Короткая пешая прогулка приводит к уединенному монастырю, где смотритель, улыбаясь, берет деньги за вход и машет рукой в сторону восхитительного маленького монастыря с симпатичным садиком, облюбованным голубями. Несколько ступеней вниз, и вы оказываетесь в сводчатом помещении с необычайно большим саркофагом из розового мрамора. Цинично настроенные знатоки говорят, однако, что первоначально это была кормушка для лошади. Я спустился по лестнице и привел в замешательство молодую пару: стоя по обе стороны от саркофага и держась за руки, они собирались поцеловаться. Впоследствии я узнал, что у влюбленных такой обычай: они идут к гробнице Джульетты и загадывают желание. Как сказала мне одна молодая женщина, «если сердца их чисты, желание наверняка сбудется». Такой ритуал показался мне симпатичным. Склеп был наполнен розовым светом, отраженным от верхнего помещения, и саркофаг выглядел весьма поэтично, словно раковина на дне моря. Невозможно было смотреть на него и не вспомнить строки Шекспира:
О рвении, с которым английские туристы отщипывают фрагменты гробницы, упомянул в 1814 году Сэмюэль Роджерс. Байрон, разумеется тоже добавил кое-что к своему сентиментальному музею. Для того чтобы изготовить два браслета, замеченные Шатобрианом во время обеда в Парме на Марии Луизе, потребовался также большой кусок камня. Но все это ничто по сравнению с невероятным фактом, про который я узнал совершенно случайно: культ Джульетты в наше время настолько силен, что у нее есть секретарь, отвечающий на письма поклонников!
Гуляя по монастырю, я заметил встроенный в стену маленький стеклянный ящик, обрамленный мрамором, со щелью для писем.
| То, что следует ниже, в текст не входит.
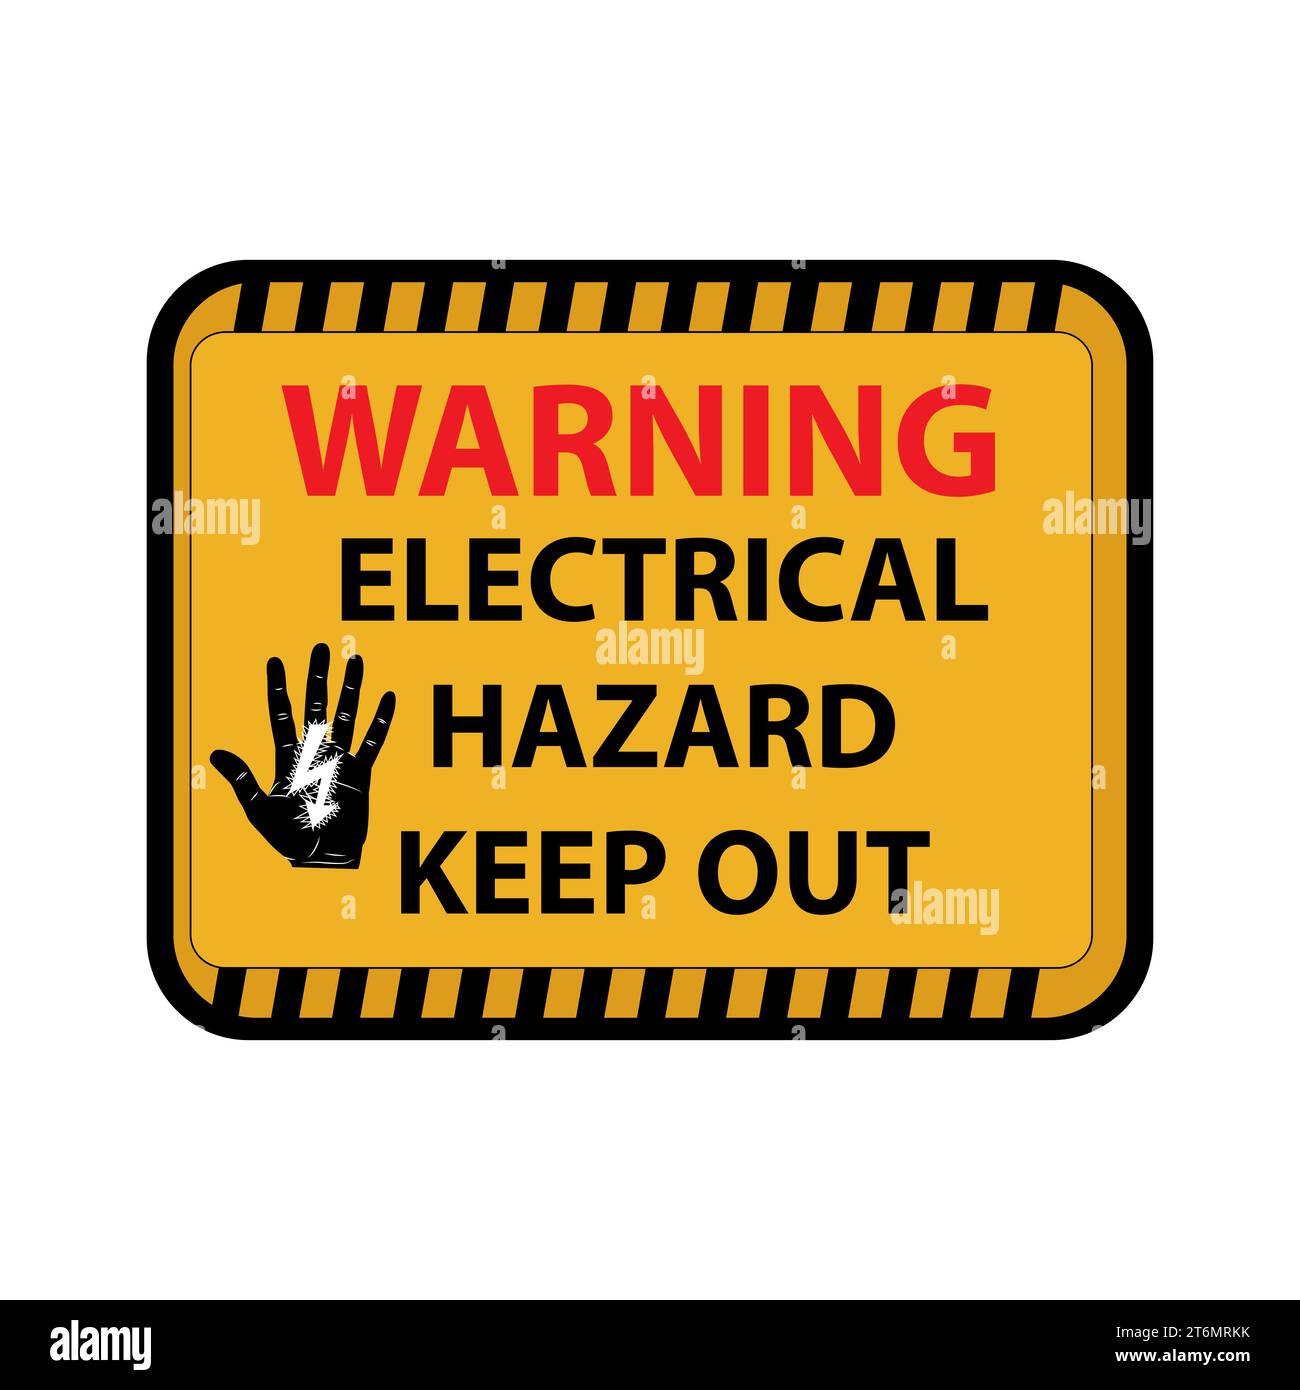 Warning Electrical hazard keep out signs. Symbols of danger and warning signs. warning attention. attention vector icon. Stock Vector

Рассеянно заглянув сквозь стекло, я увидел гору записок, торопливо нацарапанных на клочках бумаги, листках, вырванных из записных книжек, старых счетах и т. д. Все это напоминало записки, которые дети пишут Санта-Клаусу. Некоторые из них не были сложены, а две можно было разобрать. Обе написаны были по-итальянски, и обе начинались: «Сага Giulietta» — «Дорогая Джульетта». На одной бумажке я прочитал: «Мы двое молодых влюбленных, путешествуем после свадьбы. Помоги нам Джульетта, чтобы любовь наша становилась сильнее с каждым днем». На другой записке: «Моя любовь сейчас далеко отсюда. Пусть он побыстрее приедет, я хочу, чтобы мы не расставались».
Я был поражен. Интересно, знает ли духовенство Вероны, что старый францисканский монастырь сделался храмом Афродиты? Один из служителей сказал мне, что ящик в стене содержит только письма, написанные прямо у саркофага. Большая часть корреспонденции поступает по почте, приходит из многих стран и на многих языках. Муниципалитету пришлось нанять секретаря, чтобы он занимался письмами. Секретарь, как мне сказали, пожилой джентльмен, вышедший на пенсию, должно быть, похож на старого монаха Лоренцо.
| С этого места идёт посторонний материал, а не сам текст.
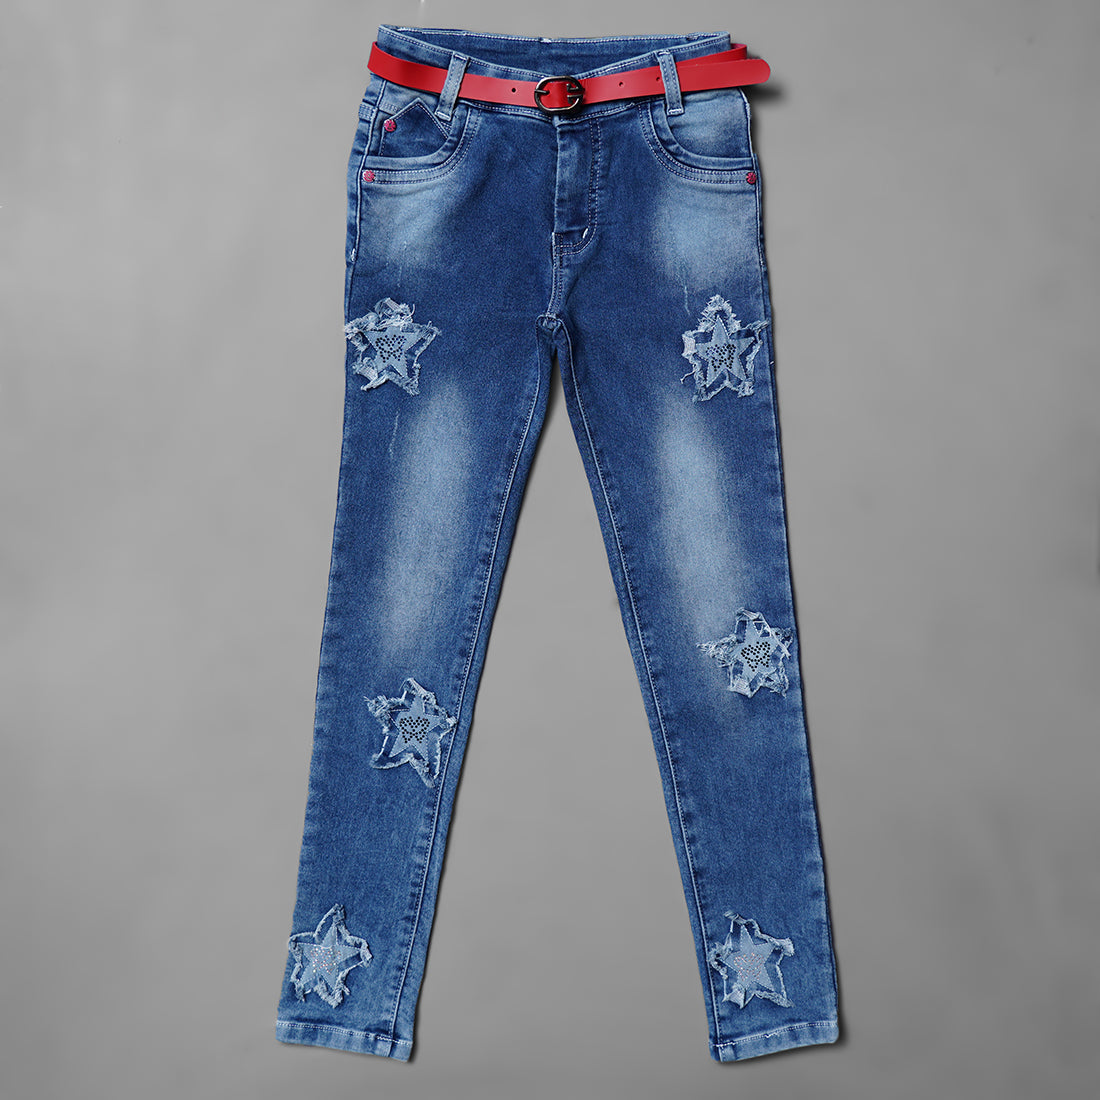 Ladies Skinny Jeans In Bellary - Prices, Manufacturers & Suppliers

— А письма эти от мужчин или женщин? — поинтересовался я.
— Есть и от мужчин, но в основном пишут женщины. Выйдя из монастыря, я встал в сторонке, пропуская оживленную толпу путешественников разных национальностей, выгрузившуюся из двух только что прибывших автобусов. Меня окликнули, и вот я уже трясу руку маленькому немцу из Мантуи. Он по- прежнему обвешан фотокамерами. Позади него жались жена и две дочки. Связь Шекспира с Вероной довела немца до экстаза: он задыхался от волнения.
— Пожалуйста, — сказал он и сунул мне камеру, — будьте добры, сделайте снимок.
Схватив за руку другого пассажира, он повел его к указателю под кипарисовыми деревьями. На указателе было написано: «Могила Джульетты». Немец с товарищем взяли друг друга под руку и замерли. Я их сфотографировал.
— Вы так любезны, — сказал он. — Знаете, как я назову эту фотографию? Ну что ж, скажу по секрету. Два веронца!
Заливисто смеясь, он повесил камеру на шею и, тяжело ступая, зашагал по тропе к могиле Джульетты.
Дорога от Вероны до Виченцы проходит мимо полей, засаженных свеклой, кукурузой и виноградниками. От ветров, дующих с Альпийских гор, ее охраняют лесозащитные полосы из акаций. Предгорья устремились на север, к большим горам, окружившим перевал Бреннер. Мне говорили, что в ясные дни можно на горизонте разглядеть их фиолетовые силуэты.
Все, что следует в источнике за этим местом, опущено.